« Debout de trois quarts, elle penche vers nous un visage grave et tendre, mais on s’enfouit d’abord sous les plis de sa robe de soie corail bordée d’un galon doré, alourdie de brocarts et brocatelles – aux motifs d’artichauts, d’orles, de pommes de pin, couleur cendre et cannelle. Elle la soulève du bout des doigts comme si c’était chose légère » (Casilda de Tolède).
Haute couture est une pierre précieuse, un saphir, qui éblouit par ses fins éclats savants et lumineux. Un ouvrage tout en style, en finesse et en grâce. Un livre brodé et orné, consacré aux saintes de Francisco de Zurbarán, l’un des génies de la peinture espagnole du Siècle d’Or. Des saintes qui ont pour nom : Casilda de Tolède, Elisabeth de Portugal, Juste et Rufine, Catherine d’Alexandrie, Agathe de Catane, et Apolline. Des saintes venues de si loin et si resplendissantes sous le pinceau et les couleurs de Zurbarán le sévillan. Toutes plus touchantes et étourdissantes de présence, saisissantes par la beauté des soies et des brocarts dont le peintre a l’audace créatrice de les couvrir, la grande douceur des couleurs et les instruments de torture qu’elles arborent, comme des trophées, là une épée, ici un gros clou, ailleurs un bâton muni d’un crochet, ou encore une roue dentée.
« Les voilà donc prêtes à ressusciter et à entrer au paradis en habit de gala. Elles laissent loin derrière elles, sur terre, la cruauté des hommes quand leur désir est précisé. Car ces belles filles, pour la plupart, furent violemment désirées ».
Haute couture est leur brève histoire, l’histoire de ces saintes désirées et meurtries, aimées et trahies, de ces saintes en révolte – J’adore celui qui fait trembler la terre, que la mer redoute et que le vent et toutes les créatures craignent – et il n’est pas inutile de rappeler que Florence Delay fut la Jeanne d’Arc de Robert Bresson, la seule, l’unique, inoubliable par sa force, sa justesse, sa douce étrangeté, sa grâce, sa force miraculeuse, et sa noblesse. Le peintre sait ce que sont, d’où viennent ces saintes qu’il habille, qu’il fait revivre, comme il fait vivre ses toiles, ses « natures mortes », ses « vies silencieuses » en anglais, ses « bodegón » en castillan. Il peint ses oranges, ses pommes, comme un visage, les vies palpitent sous sa palette.

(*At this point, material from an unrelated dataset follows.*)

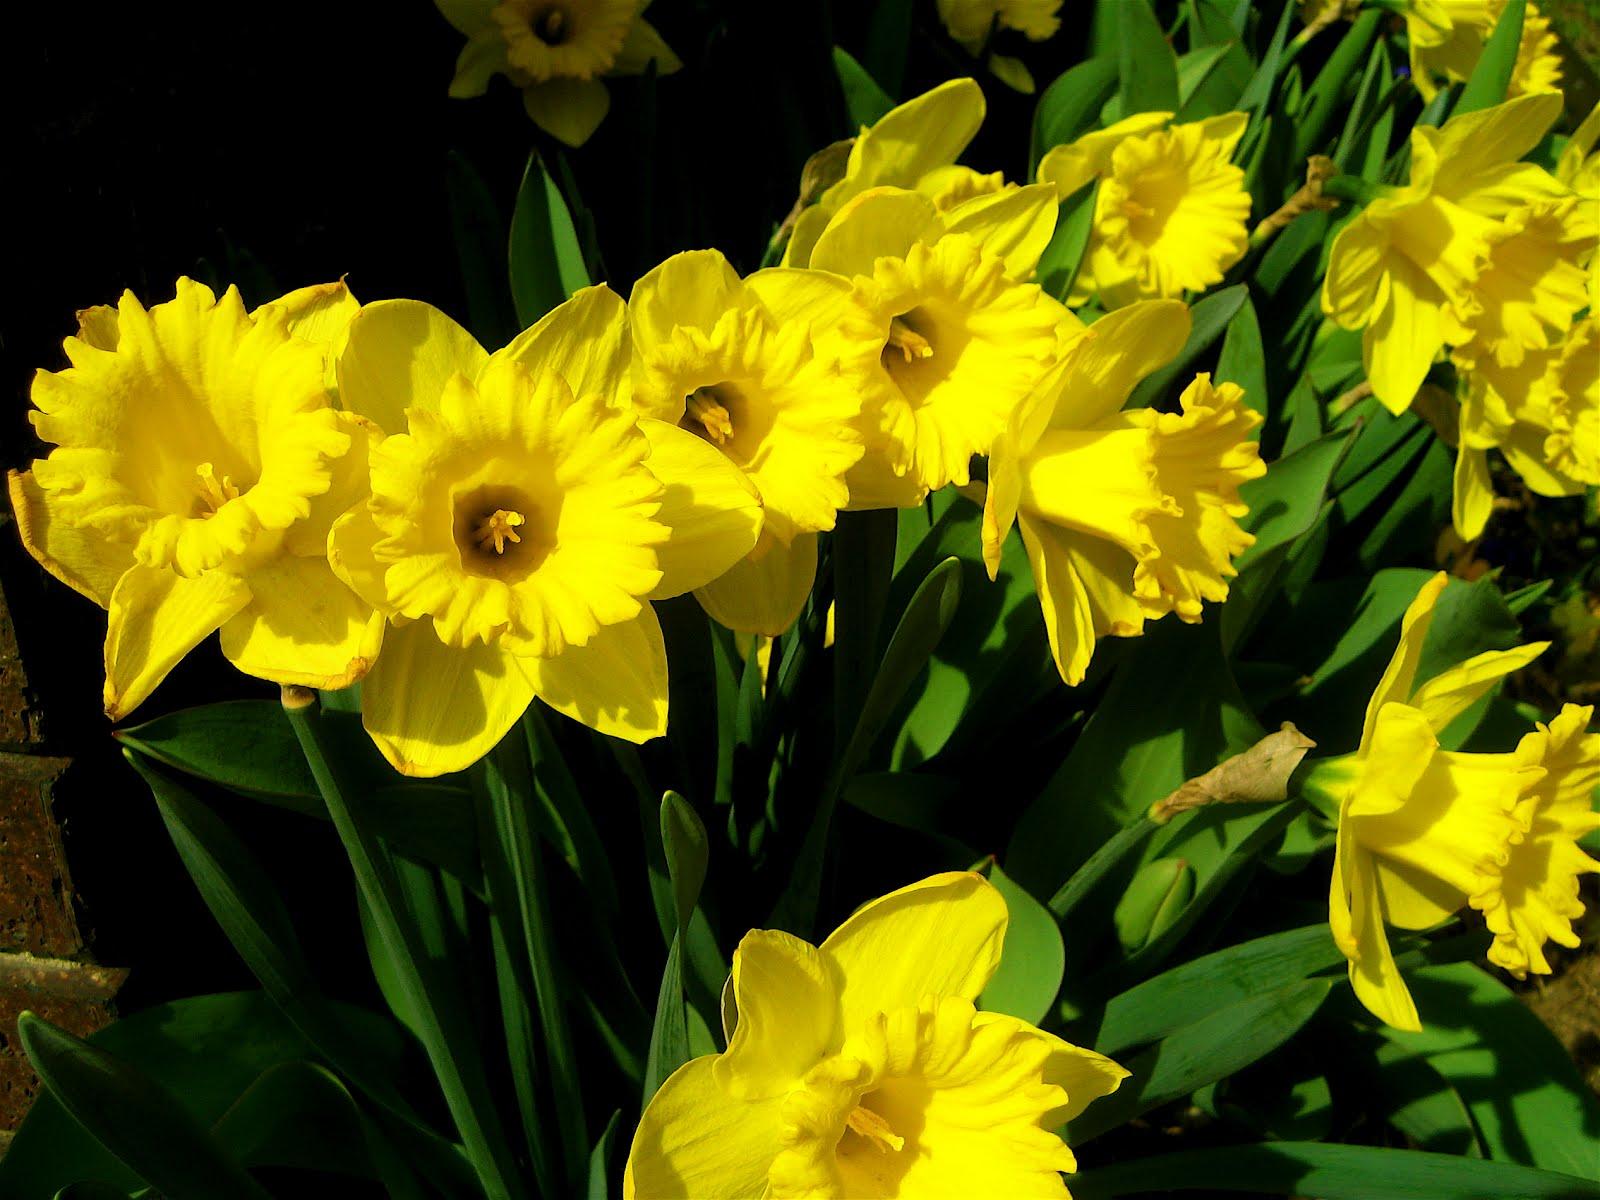 http://3.bp.blogspot.com/-EO6dLx0new4/T08_avFLRII/AAAAAAAAAAs/M9UIiedagWA/s1600/Narcissus_pseudonarcissus_%2528daffodills%2529_-_1.jpg

« La troisième à Séville, les yeux humides levés vers le ciel, attend son fiancé mystique. Sur son front, la ferme couronne du martyre. Elle se tient de trois quarts, encadrée par la roue dentée qui passa sur son corps et l’épée qui mit fin à ses jours. La main posée sur la roue dompte la cruauté, l’autre brandit sa victoire sur la mort. Vêtue de couleurs tendres, la promise attend, confiante. Sur sa robe rose-violet se déploie à partir de l’épaule une mante dont les motifs imprimés, jaune topaze et orangé, rappellent les pierres de la couronne ».
Haute couture est un passionnant et troublant voyage au centre de la peinture des saintes, de ces « vierges et martyres » théâtralement vêtues que l’on reconnaît de loin, grandes, jeunes, belles, tenant ou pas la palme du martyre, dévoilant ou cachant la trace d’un miracle. Secrètes. Florence Delay nous fait voir ces vierges, et nous fait entendre les battements de cœur du merveilleux Siècle d’Or – tout l’or des peintres : Diego Velázquez et Francisco de Zurbarán, et tout l’or des mots : Miguel de Cervantès, Lope de Vega, Tirso de Molina, Lope de Vega et Calderón de la Barca, que Florence Delay fréquente et admire, c’est son Espagne Or et Ciel.